El accidente del ojo también le dejó secuelas de por vida y marcó aquellos años de infancia. Sus padres, en su afán de proteger al máximo al niño, decidieron que dejara el colegio de la Salle, donde estudiaba desde 1941, y pusieron su educación en manos de profesores particulares. Después de estudiar por libre, con maestros que iban a su casa a instruirlo, Manuel Cuesta ingresó en el Instituto de la Plaza de Santo Domingo en 1947, con trece años de edad. Allí coincidió con profesores de la talla de Francisco Saiz Sanz, Ignacio Cubillas e Isabelita Rabel, entre otros. Allí conoció la fuerza del grupo en los años de la adolescencia y allí saboreó el placer prohibido de las gamberradas infantiles, que culminaron una mañana en la que le colocaron un petardo debajo de la mesa a la profesora de Griego, que acabó en el suelo con el susto metido en el corazón. 
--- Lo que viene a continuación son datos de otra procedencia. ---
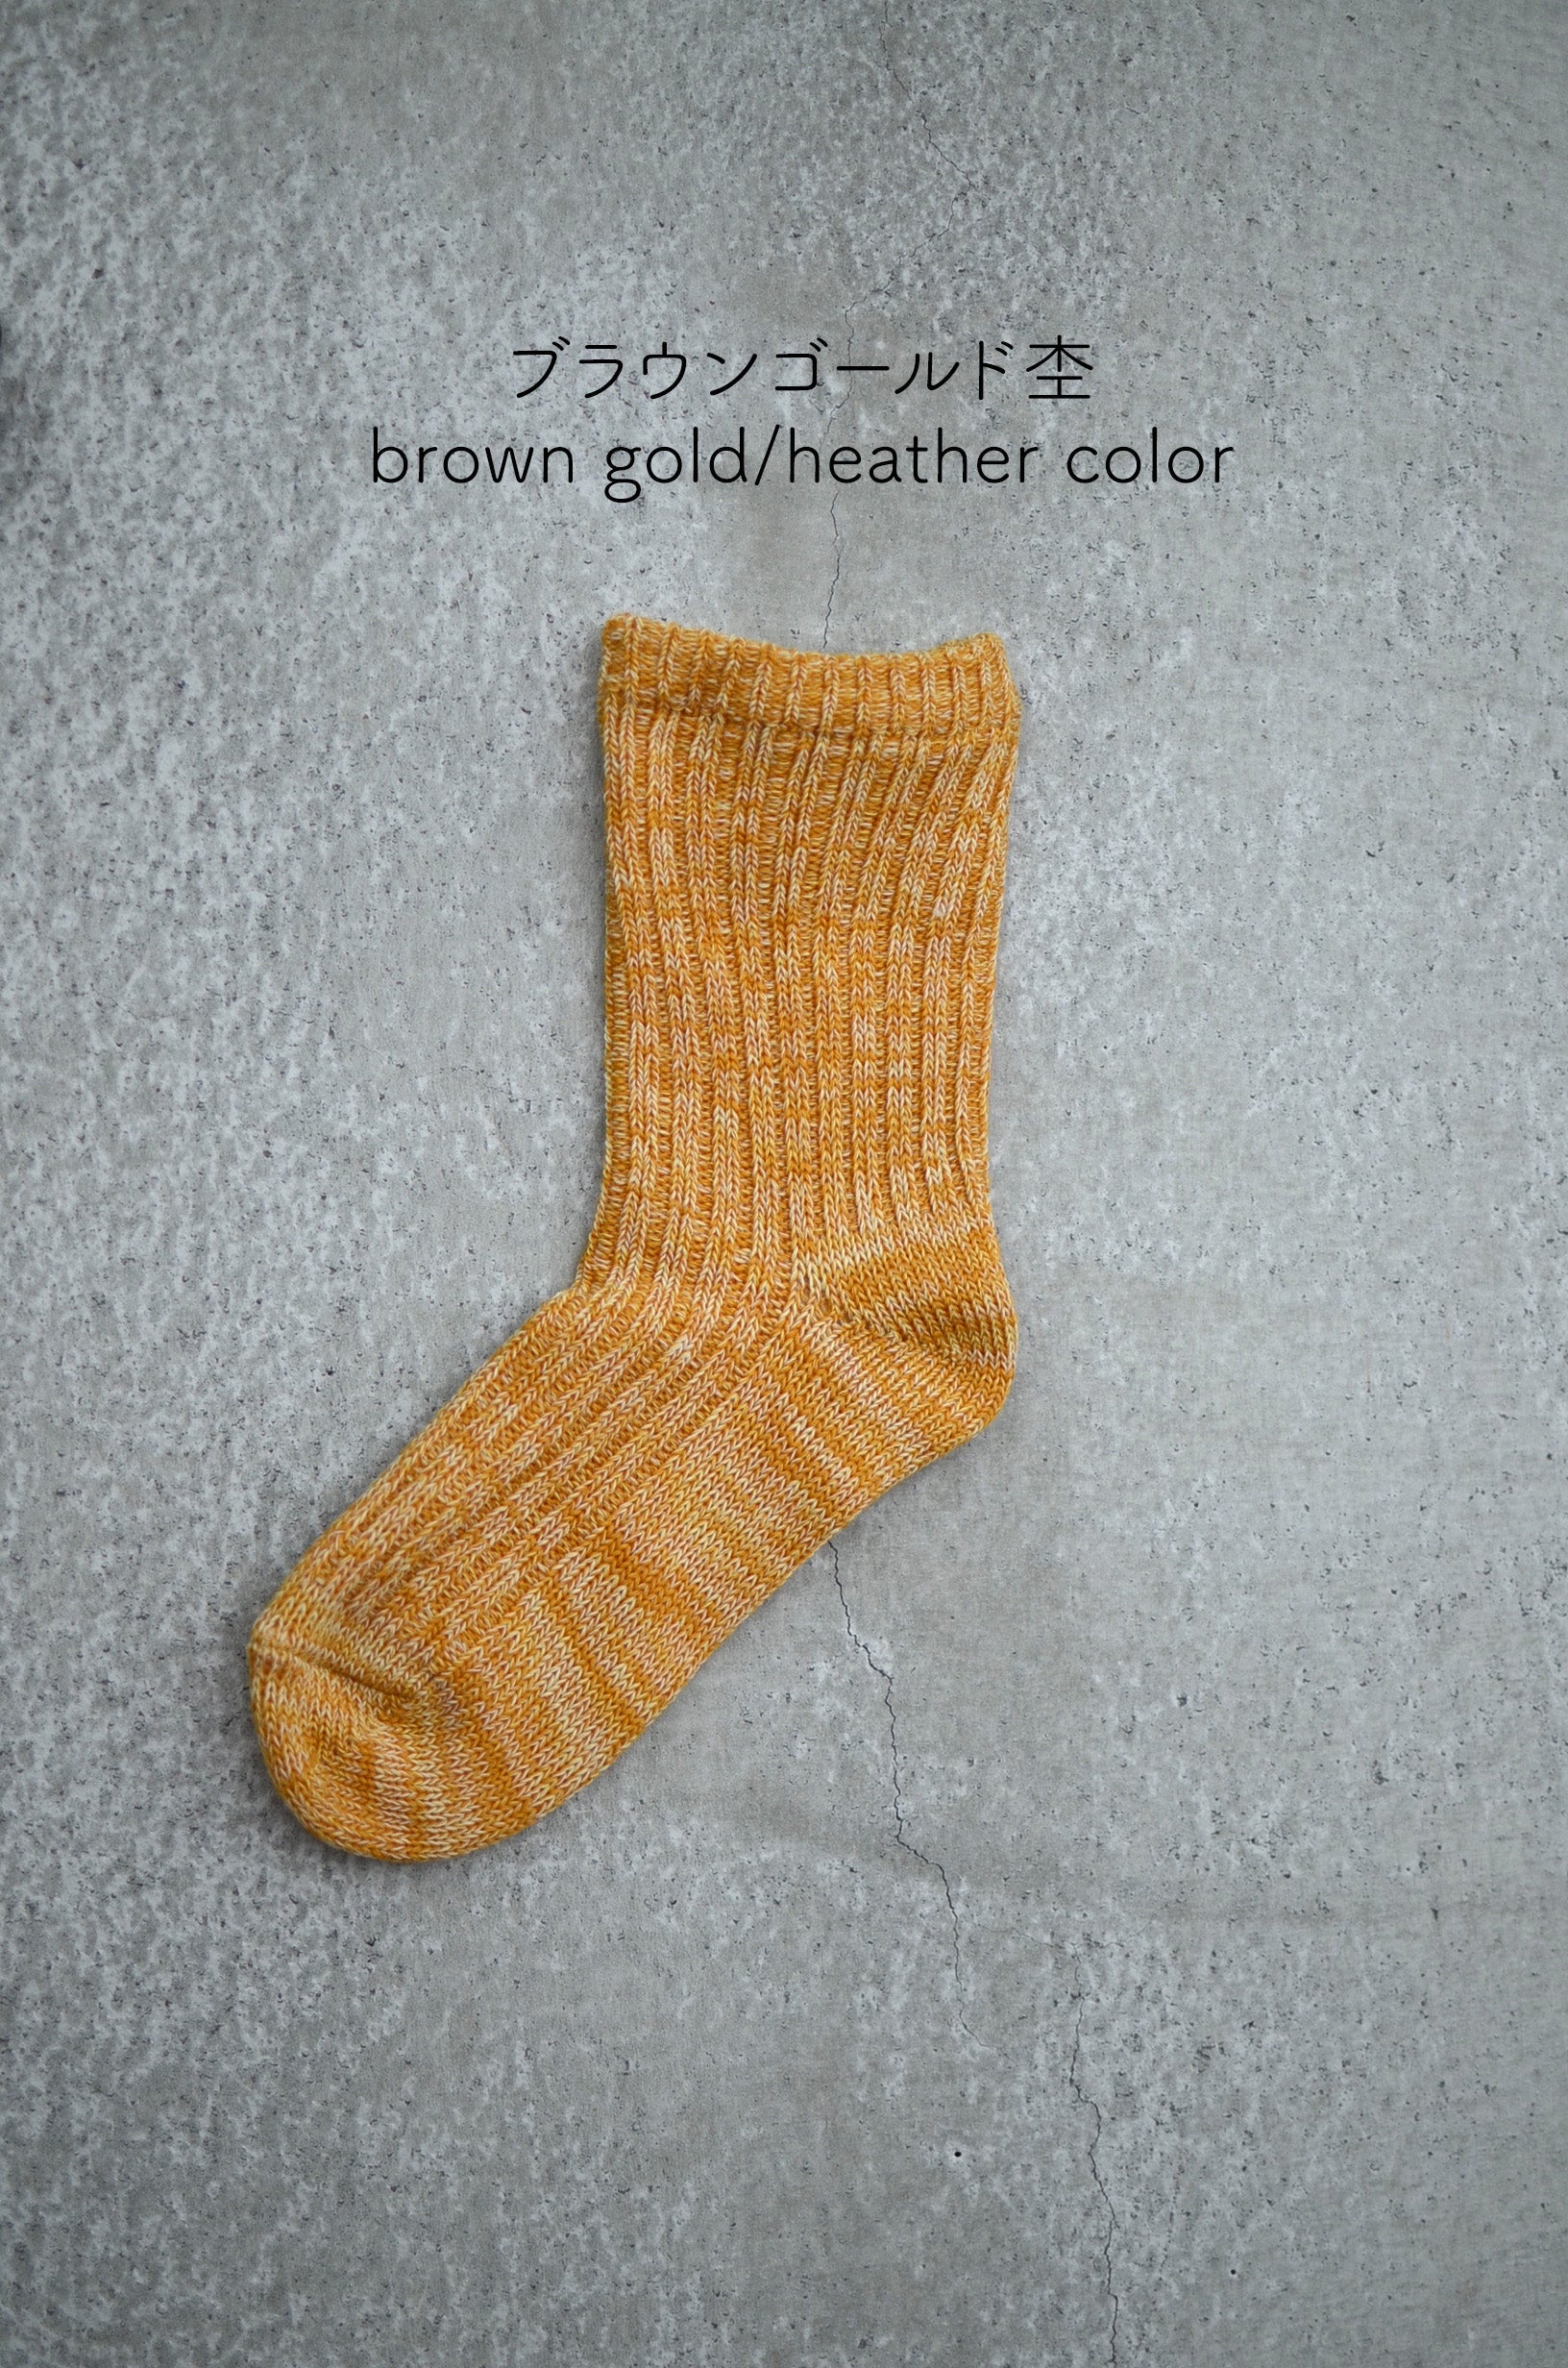 靴下 ソックス 6色組み合わせ ソックスレディース 靴下レディース

Las amistades que se forjan en la adolescencia no se olvidan jamás y suelen permanecer firmes a lo largo de la vida. Manuel formaba una pandilla inquebrantable en la que estaba Juan José Rueda, nieto del fundador del periódico La Crónica Meridional, Francisco Rueda López. Compartían una relación que se había gestado desde que eran niños y jugaban juntos en la calle. En ese grupo estaba también Claudi Bicet, hijo del vicecónsul francés en Almería, y director del embarcadero de mineral de la playa de San Miguel. Claudi era un atleta que jugaba como nadie al baloncesto y que provocaba la admiración de los jóvenes cuando se subía a la cuchara del Cable Francés y se lanzaba al mar ejecutando a la perfección el salto del ángel. Ese cuarteto de amigos, conocido como los cuatro piratas, lo completaba José Manuel Die, hijo de un ilustre notario de la ciudad.